A final humorous story related to language and breast-feeding.  My wife grew up in the Dominican Republic, and is fluent in Spanish (and German).  Inspired by a college professor, she chose – actually, we chose – to raise all five of our children bilingual.  Upon arrival in Venda our eldest, a boy, was a year old.  After two years living in Venda and among the Venda people, he had learned a lot, but also “absorbed” a lot – specifically, the reality that many infants and small children received milk from their mothers’ breasts.
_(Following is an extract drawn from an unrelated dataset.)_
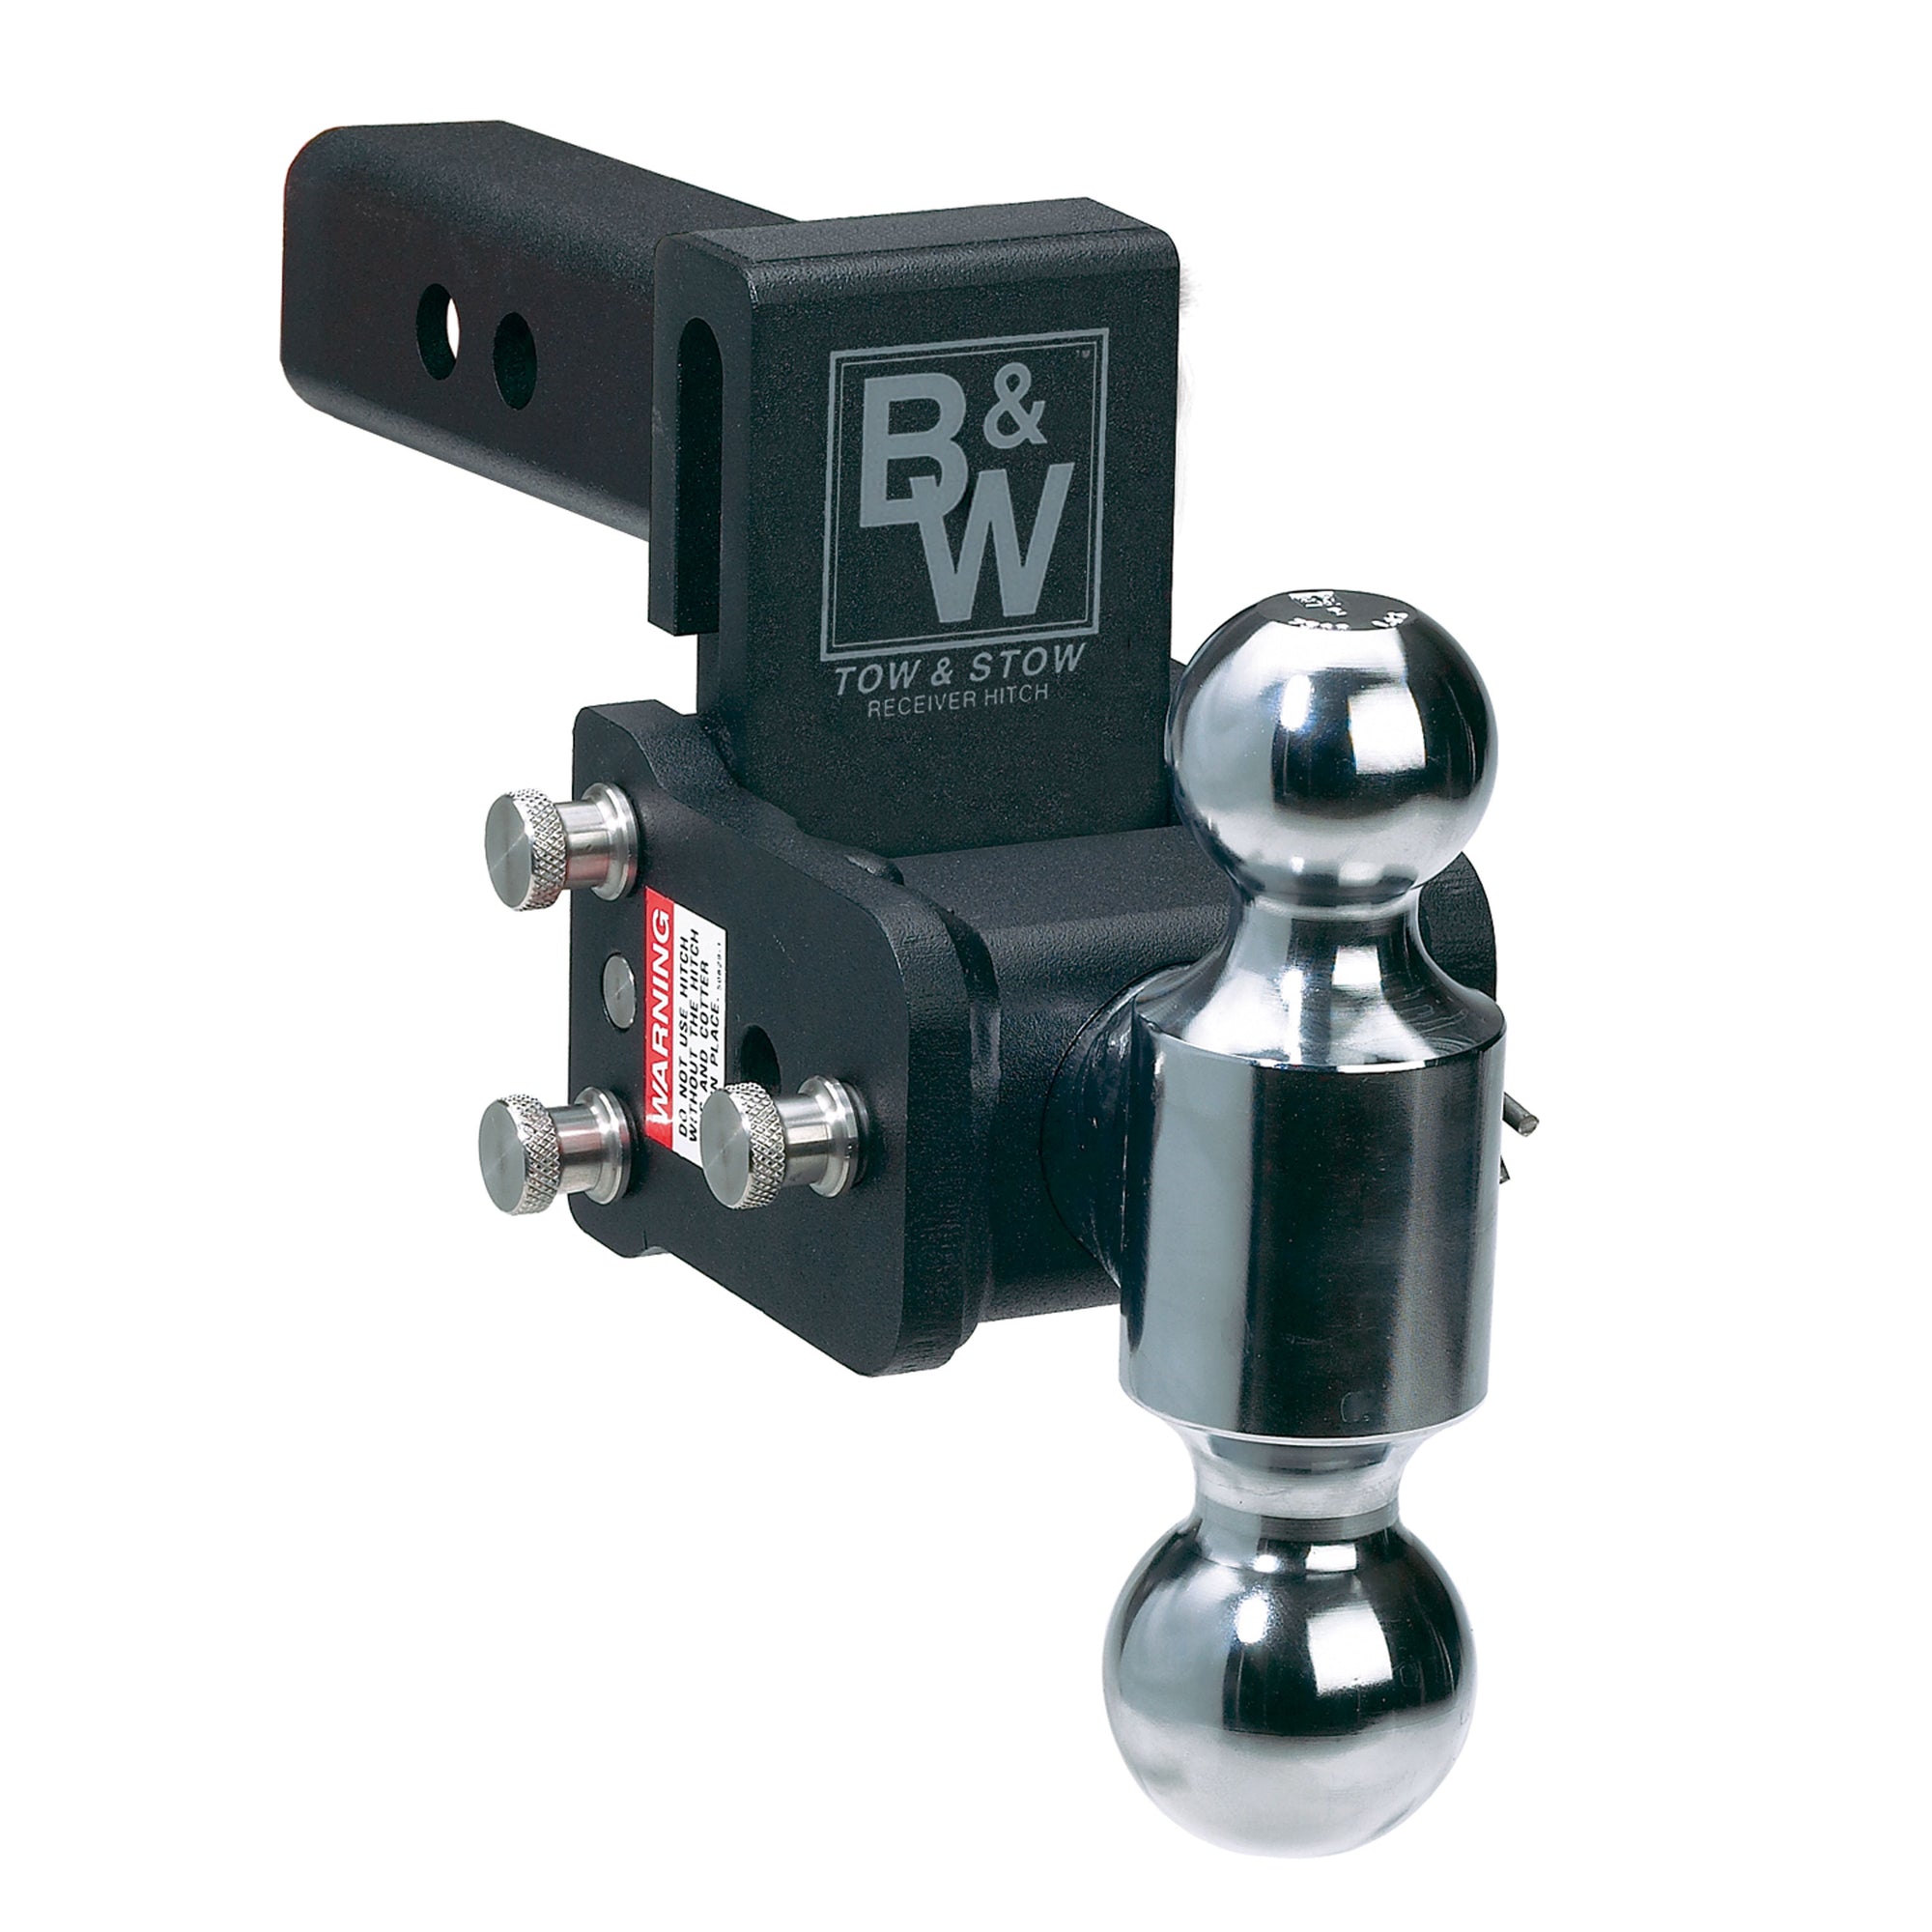 B&W Trailer Hitches TS10038B Tow and Stow Adjustable Ball Mount - 1-7/8" & 2" Ball, 5" Drop, 5.5" Rise, Black

One evening we invited an elderly American couple over for dinner.  They were assisting in the management of a relief project at the time.  She, like the pastor’s wife, was quite a buxom woman, and sitting immediately to the right of my son at the dining table, he couldn’t help but notice.  Given the sights and cultural experiences he had absorbed to that point, he very innocently verbalized midway through dinner to my wife – fortunately in Spanish – “Does she have milk?”  It was obviously a moment of great discomfiture for my wife, but fortunately an anonymously embarrassing moment, which today we remember with great laughter.

Concluding thought: 

Meandering minds and their on-the-surface incoherent and dissonant linkages with past memories and associations frequently result in fond and kind remembrances of happier and simpler periods, events and relationships in life, which if we’ll allow them, just might warm up, encourage, what to that point in time or day we might tend to label as struggle, despondency, heartache or melancholy.